Tratamentos que costumam vir antes da cirurgia
Quando o risco é baixo e o desvio está estável, o tratamento conservador costuma melhorar bastante. Ele foca em reduzir dor, aumentar força e proteger a coluna na rotina. Entre as opções mais comuns estão:
- Fisioterapia e fortalecimento: foco em core, glúteos e musculatura profunda, com exercícios ajustados ao tipo de curva.
- Reeducação de movimento: aprender a levantar peso, sentar e trabalhar com menos sobrecarga.
- Controle de sintomas: sono melhor, pausas durante o dia, calor local e medicação quando o médico indica.
- Colete em jovens selecionados: pode ser usado em algumas idades e padrões de curva para reduzir risco de piora.
Mesmo quando o desvio é estrutural, esse cuidado pode aumentar qualidade de vida e, em muitos casos, adiar ou evitar cirurgia. O acompanhamento com exames em intervalos definidos ajuda a decidir com calma.
Como são as cirurgias mais comuns
Em deformidades estruturais, a cirurgia mais conhecida é a correção com instrumentação e fusão, que realinha a coluna dentro de limites seguros e estabiliza segmentos com implantes.
Em alguns jovens, existem técnicas que buscam preservar mais mobilidade ou acompanhar crescimento, escolhidas conforme idade, padrão de curva e experiência do serviço.
Quando a principal queixa é compressão de nervos por desgaste, o plano pode focar na descompressão e, em certos casos, na estabilização para evitar instabilidade.
Em adultos, densidade óssea e doenças associadas entram forte na decisão, porque influenciam segurança e recuperação.
Riscos e expectativas que precisam ficar claros
Toda cirurgia de coluna envolve riscos e não existe resultado perfeito para todos. Entre os riscos discutidos com frequência estão infecção, sangramento, trombose, dor persistente, falha de consolidação e necessidade de reoperação.

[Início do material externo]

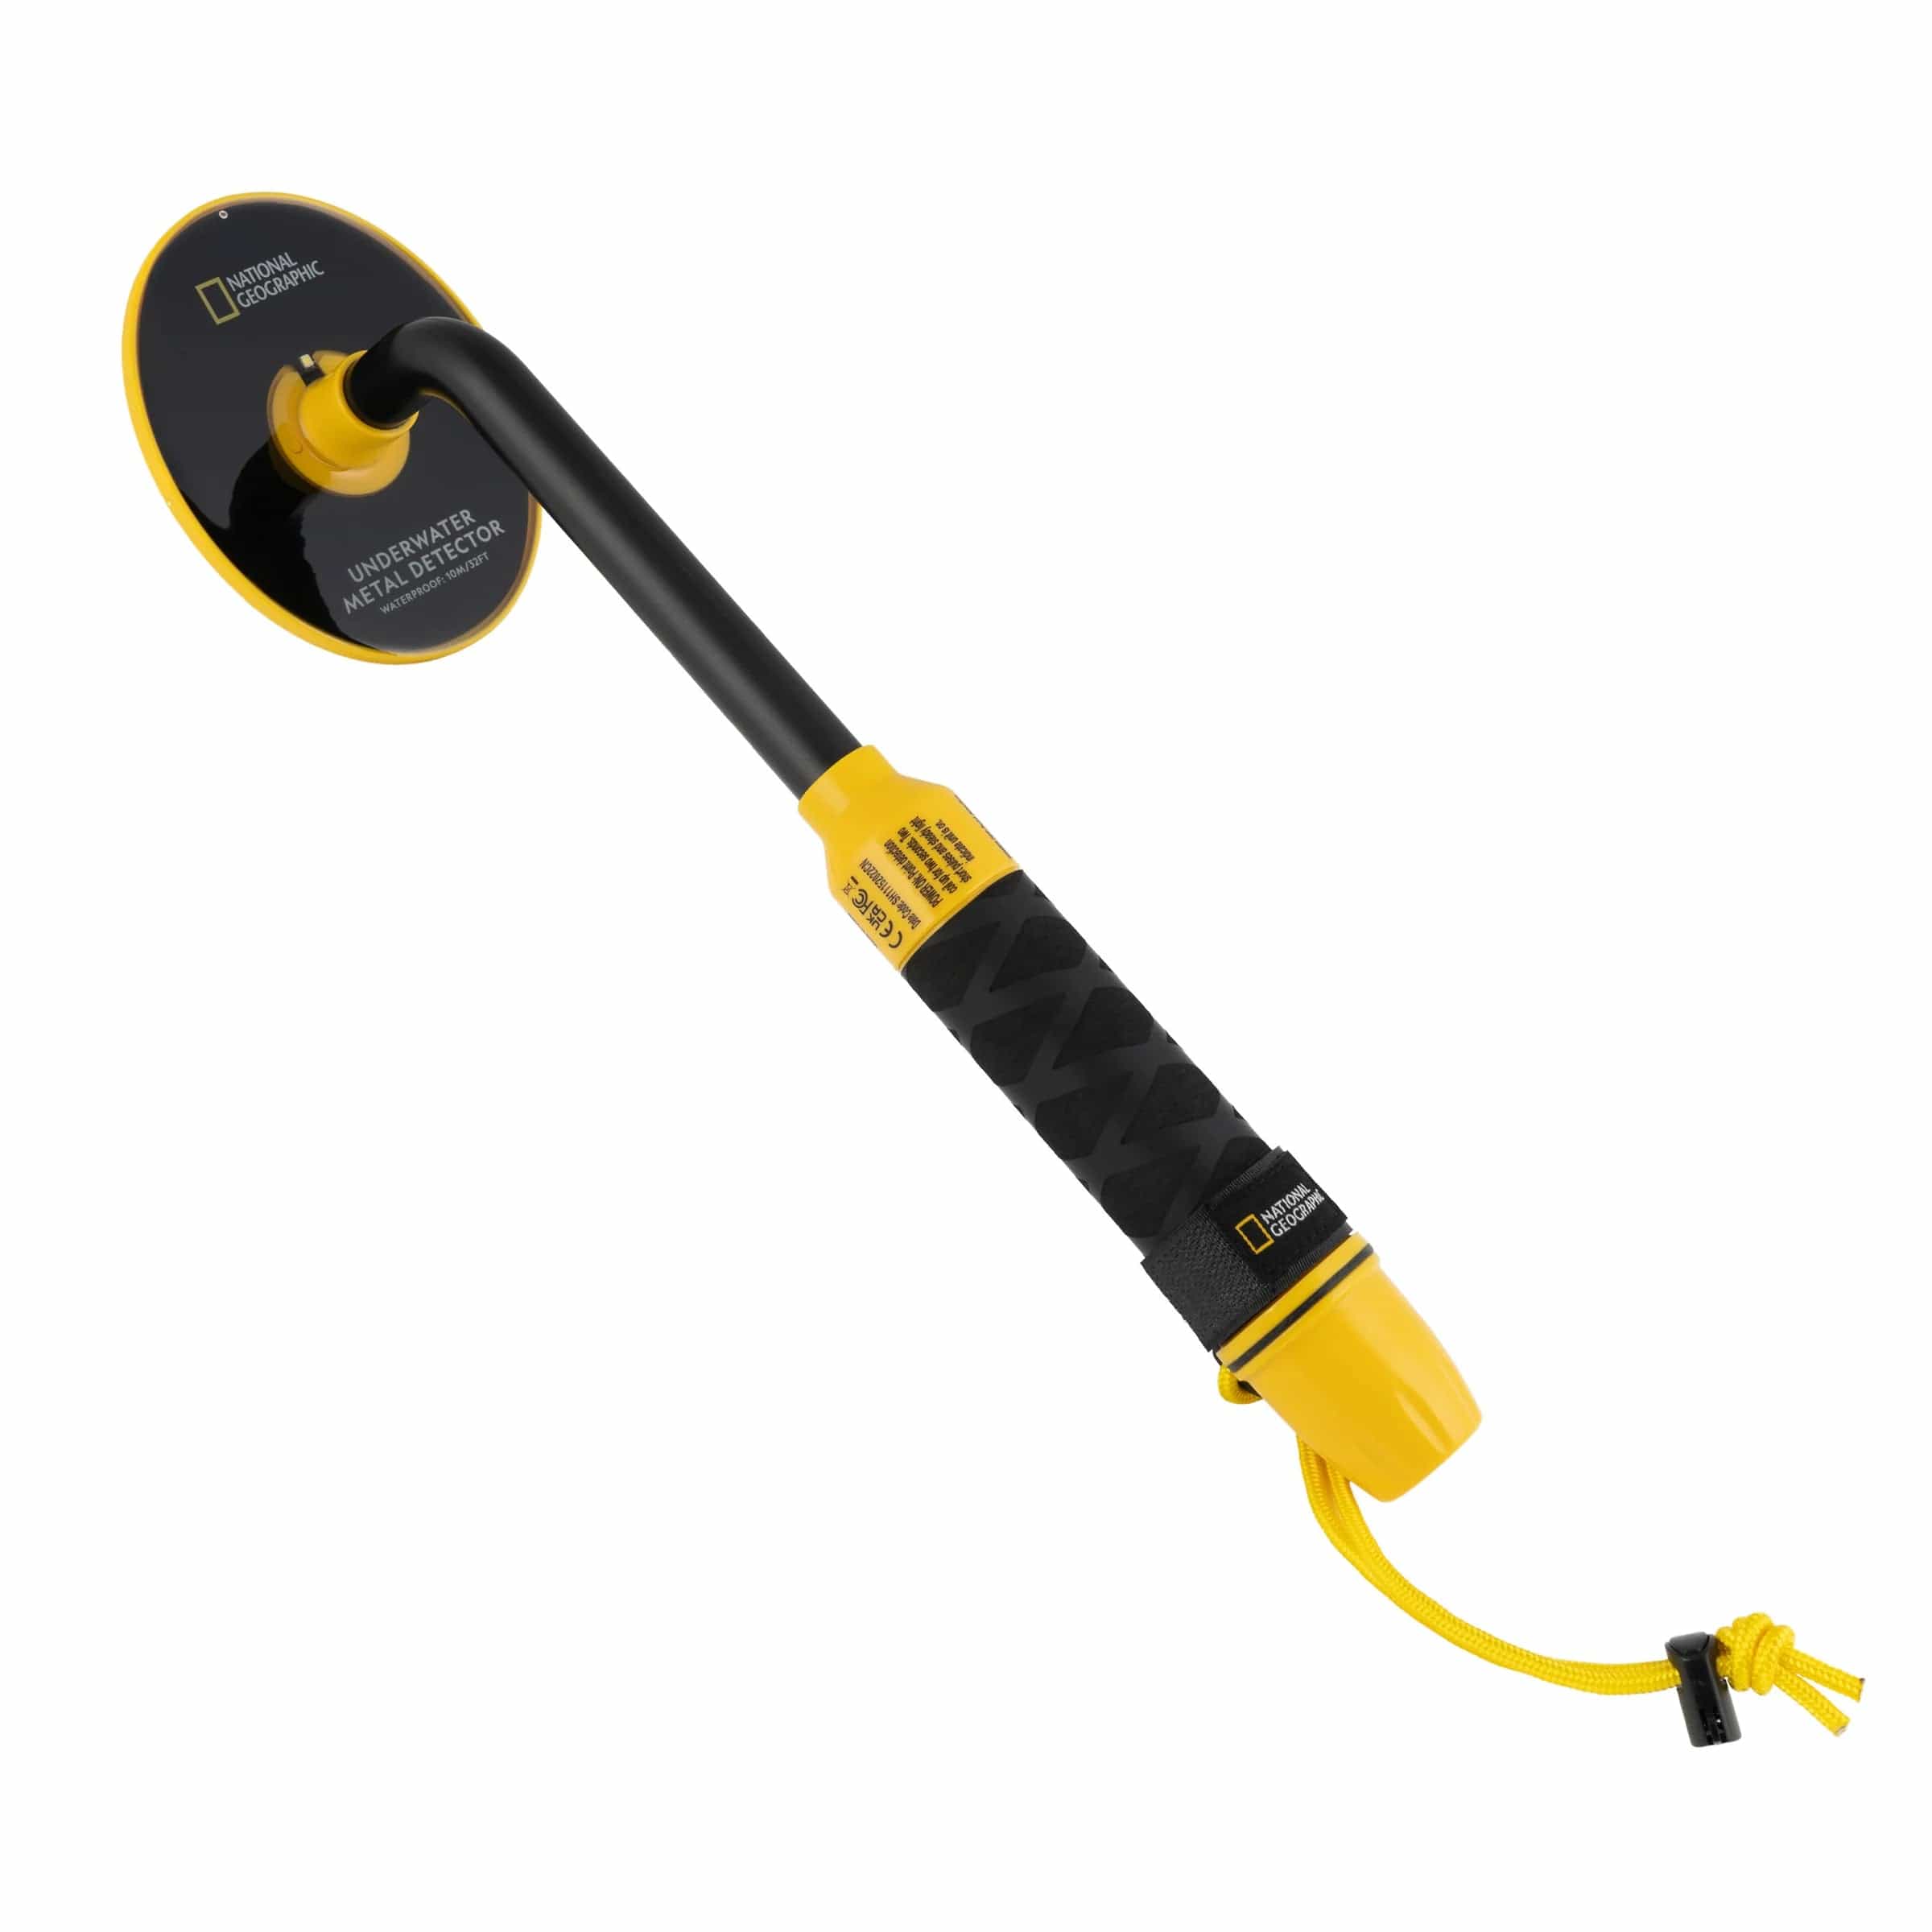 National Geographic Accessory National Geographic Underwater Metal Detector - 80-20010

Complicações neurológicas são raras, mas relevantes, e por isso o planejamento e a equipe fazem diferença.
Também é importante alinhar expectativa. Em muitos casos, o objetivo principal é impedir progressão e melhorar alinhamento e equilíbrio.
A dor pode reduzir bastante, mas pode não sumir por completo, principalmente quando há desgaste difuso. O ganho mais valorizado costuma ser voltar a viver com menos limitação e mais confiança para se movimentar.

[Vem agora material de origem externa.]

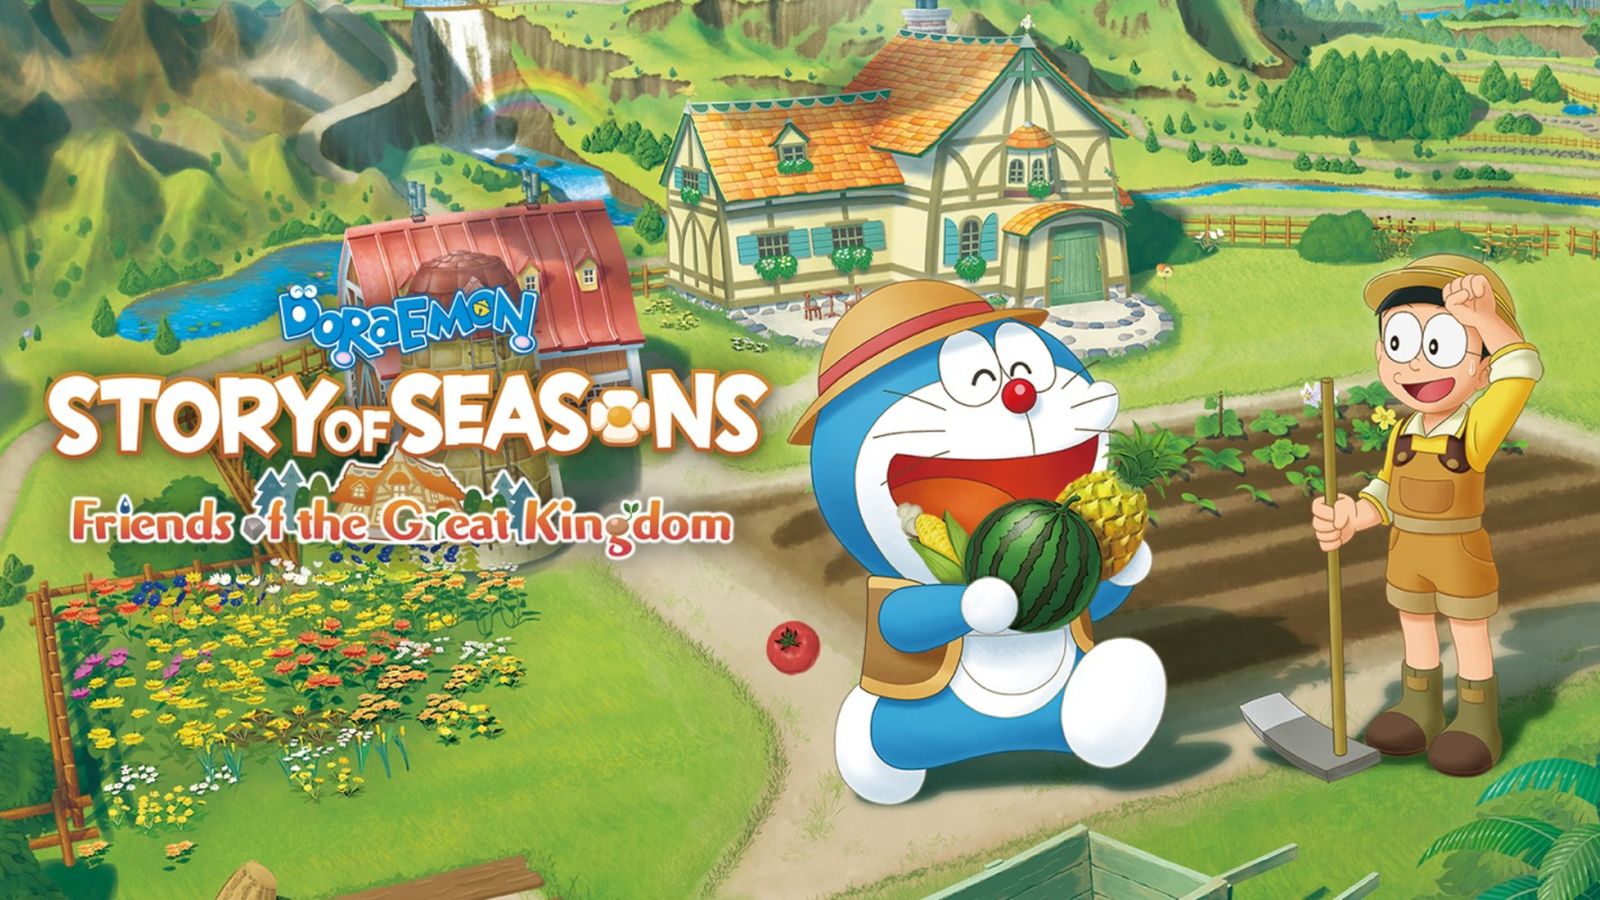 A farming scene with the Doraemon Story of Seasons logo on the left, while a blue and white cat character is on the right next to a boy.

Como costuma ser a recuperação
A recuperação varia conforme idade, tipo de cirurgia e condições de saúde. Em geral, existe um período inicial de hospital, controle de dor e retomada progressiva de caminhada.
Depois, vêm ajustes de rotina e reabilitação orientada, com retorno gradual a estudo e trabalho. Esforço, impacto e esportes só voltam com liberação médica, porque cada caso tem tempo e limites próprios.
No dia a dia, ajuda pensar em fases. Nas primeiras semanas, o foco é segurança: levantar, sentar, tomar banho e dormir com menos desconforto.
Nas semanas seguintes, o foco costuma ser ganhar resistência e fortalecer com orientações adequadas. Ter uma rede de apoio facilita muito, porque o paciente evita movimentos de risco e mantém constância na recuperação.
Perguntas úteis para levar na consulta
- Qual é o tipo de desvio e o que isso muda na evolução?
- Meus exames mostram progressão quando comparo datas diferentes?
- Quais metas do tratamento conservador para o meu caso e por quanto tempo testar?
- Se houver indicação cirúrgica, qual procedimento é mais provável e quais riscos pesam mais para mim?
- Como é o plano de recuperação e quais sinais exigem retorno antes do previsto?
Desvio na coluna precisa de cirurgia quando existe risco real de piora, perda de função ou sinais de comprometimento neurológico ou respiratório.
Quando o quadro é leve ou estável, tratamento conservador e acompanhamento costumam ser o caminho mais seguro. Um especialista em coluna pode juntar sintomas, exame físico e imagens para orientar a decisão com clareza.